County selects projects for CDBG application
EL CENTRO — After multiple hearings in the last few months, the county voted Tuesday to select the two projects it will submit for funding consideration under the Community Development Block Grant.
In its application, the county will submit a funding request totaling $6.3 million for the Niland Public Safety Facility and Seeley water system improvements.
For the Niland Public Safety Facility project, the county is requesting the maximum allowed request of $5 million under the general allocation. The project will encompass a fire station, a Sheriff’s office substation and a cooling center for residents without air conditioning to make use of during extreme heat in the summer.
The second project is water infrastructure improvements in Seeley for $1.3 million which will be made under the Colonias allocation.
Seeley County Water District Board President Patrick Harris told the board during the hearing, the district absorbed the cost of engineering and design of the project but requested the project be submitted as part of the application since the community is in dire need of replacing old pipes in the south portion of Seeley.

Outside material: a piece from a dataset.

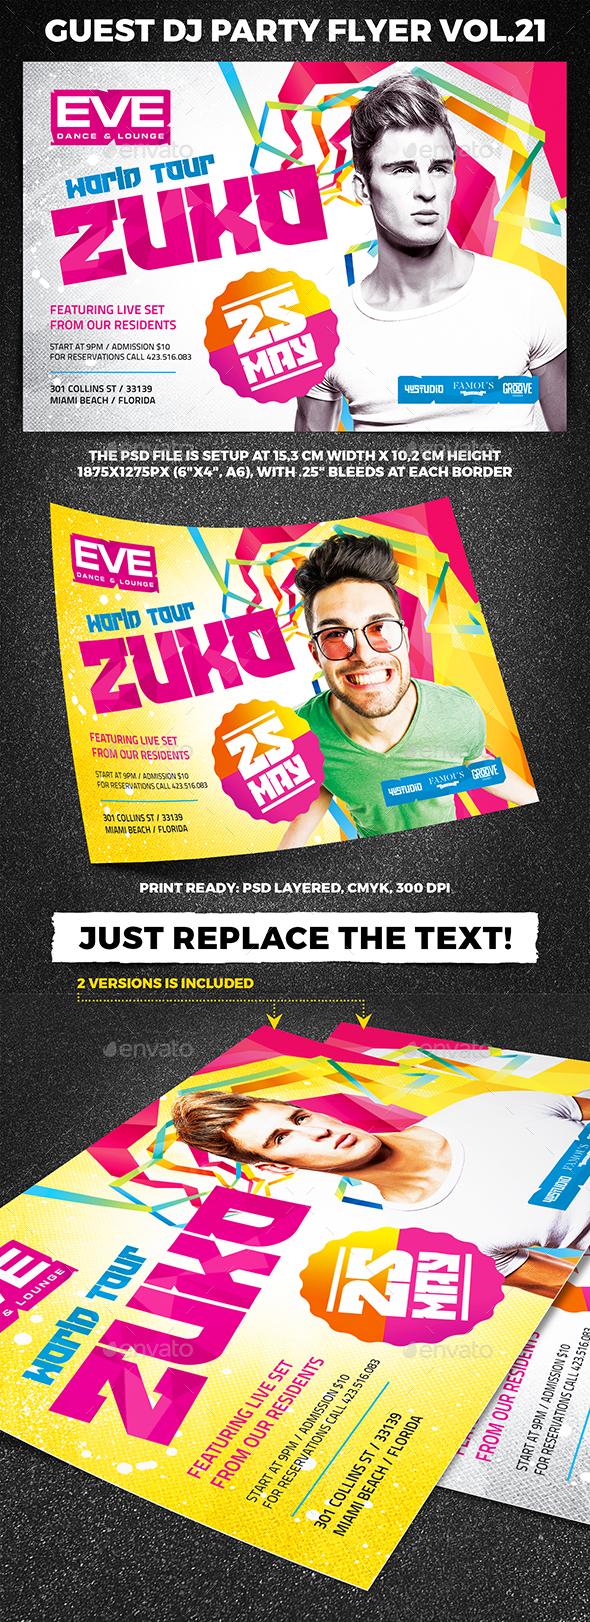 Guest DJ Party Flyer vol.21 - Clubs & Parties Events

“The plan is to replace those because we don’t have enough fire flow in those areas for fire abatement,” He said.
The CDBG is a federal program, but since the Imperial County is in a non-entitlement community, it has to apply for those funds through the California Department of Housing and Community Development.

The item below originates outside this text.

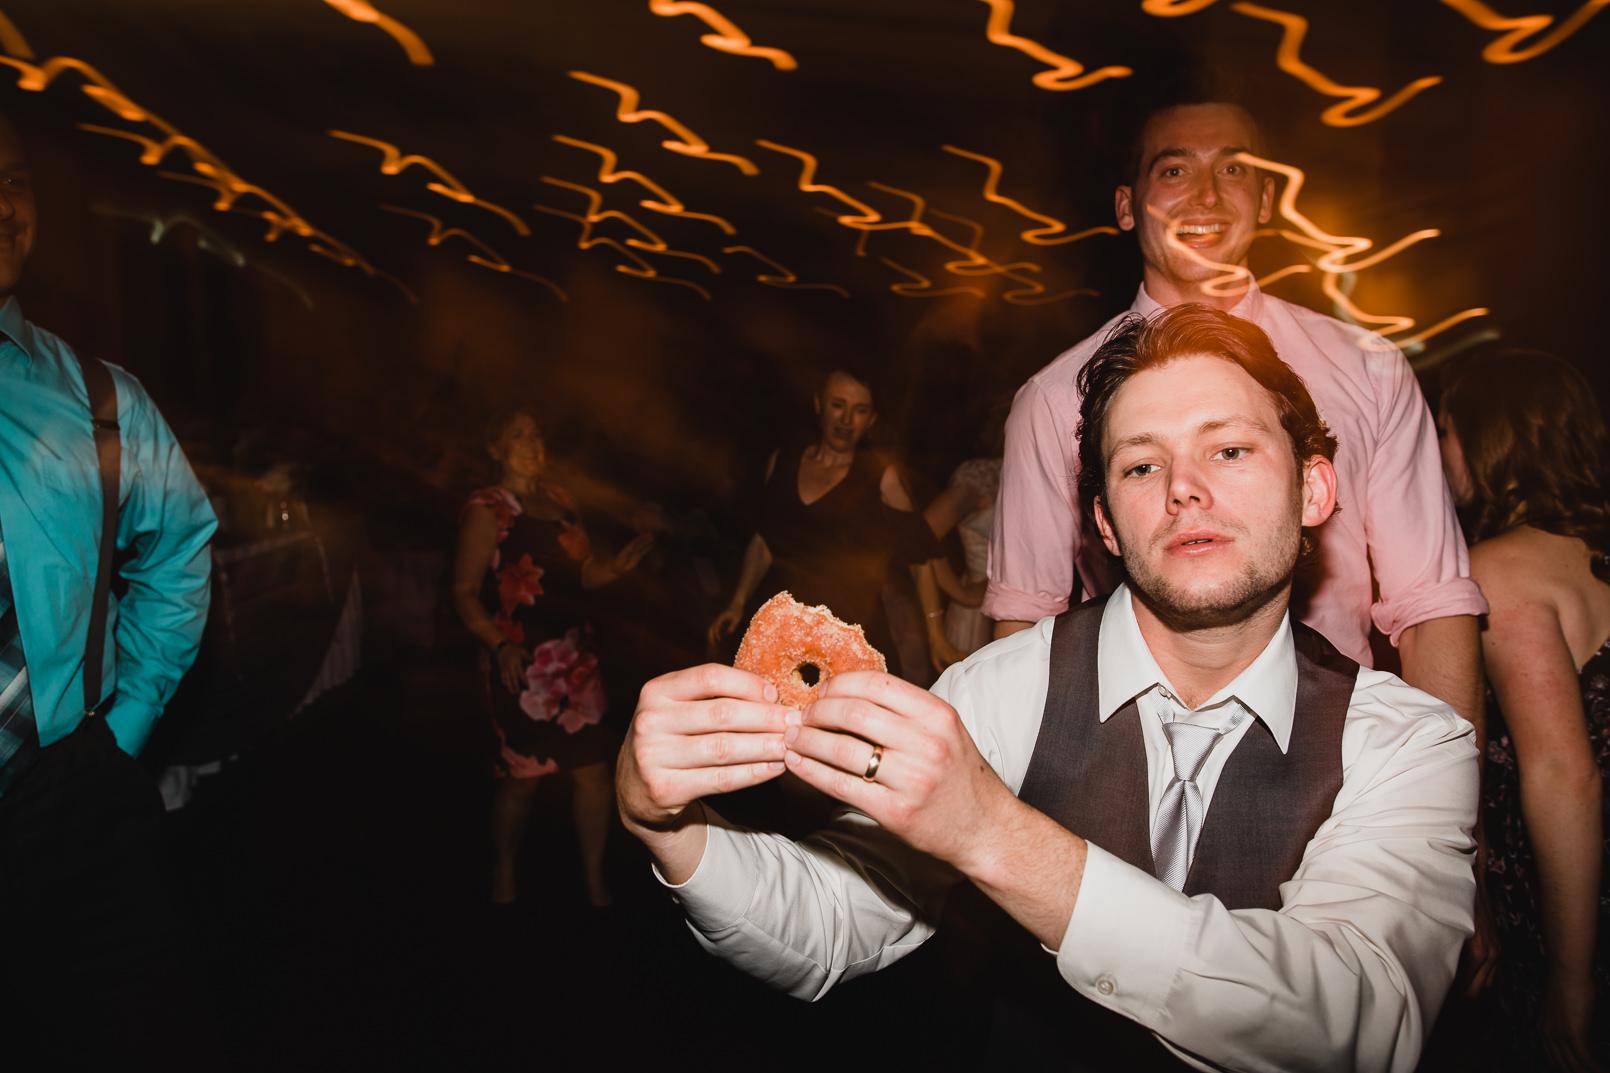 014-Jonathan-Kuhn-Photography-Wedding-_mini.jpg

The challenge for securing funding for 2018 was the program’s guidelines. To be eligible to receive funding, jurisdictions must have spent more than 50 percent of the grants received in the previous year.
For 2017, the county received a total of $3.4 million, and a total of 10 activities were approved by the state to be included as part of the application from Imperial County.

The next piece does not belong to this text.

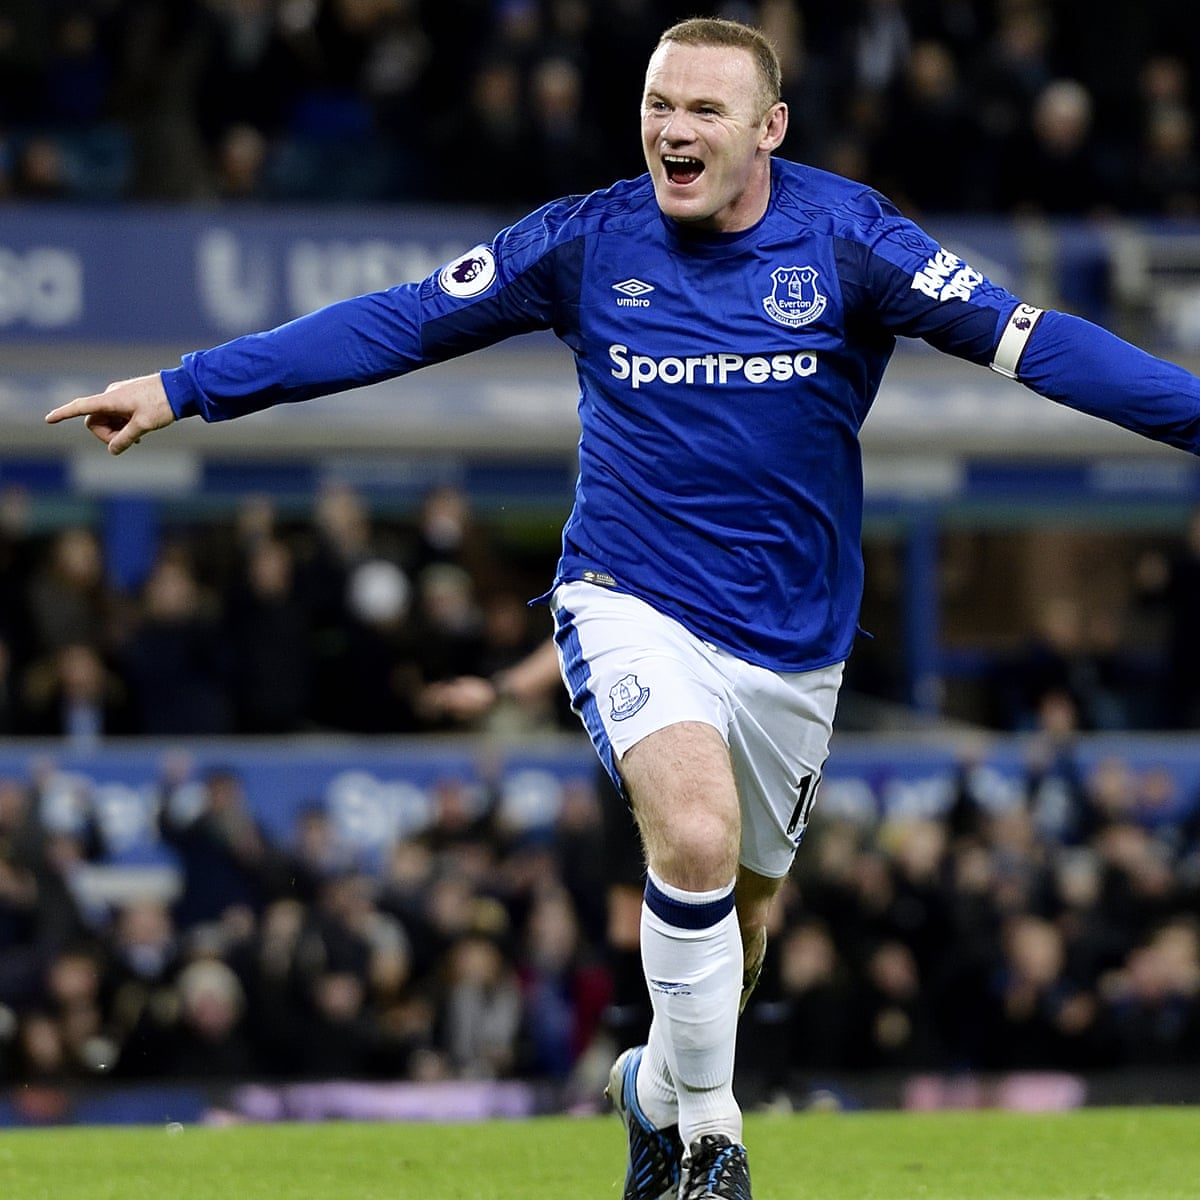 Sam Allardyce Watches On As Wayne Rooney Hat Trick Seals Rare Everton Win Premier League The Guardian

Those include the Winterhaven Public Safety Facility, Subsistence payments, neighborhood cleanups, the telemedicine program from Clínicas de Salud del Pueblo, Imperial County Free Library, Poe Colonia sewer repairs, Palo Verde water system improvements, Winterhaven water treatment plan as well as supplemental program income activities like equipment for the Imperial County Fire Department.
Almost half of all the funds the county received this year were allocated to the Winterhaven Public Safety Facility, which is currently at its early stages and therefore the county has yet to spend the 50 percent required of the 2017 grant to be fully eligible for 2018.
However, Colio said during the first hearing on Sept. 12 that for this year there will be an exception, and jurisdictions that have yet to spend half of allocated monies will be able to submit a waiver to qualify for funding with the caveat that it would only be for a single construction-ready project. Both projects approved unanimously by the Board of Supervisors on Tuesday are shovel-ready.
Although the application meets the waiver requirements, the fate of its requests rests with the California Department of Housing and Community Development who will ultimately decide whether or not to grant the waiver for the county to be eligible for the requested funds. The CDHCD will decide early next year.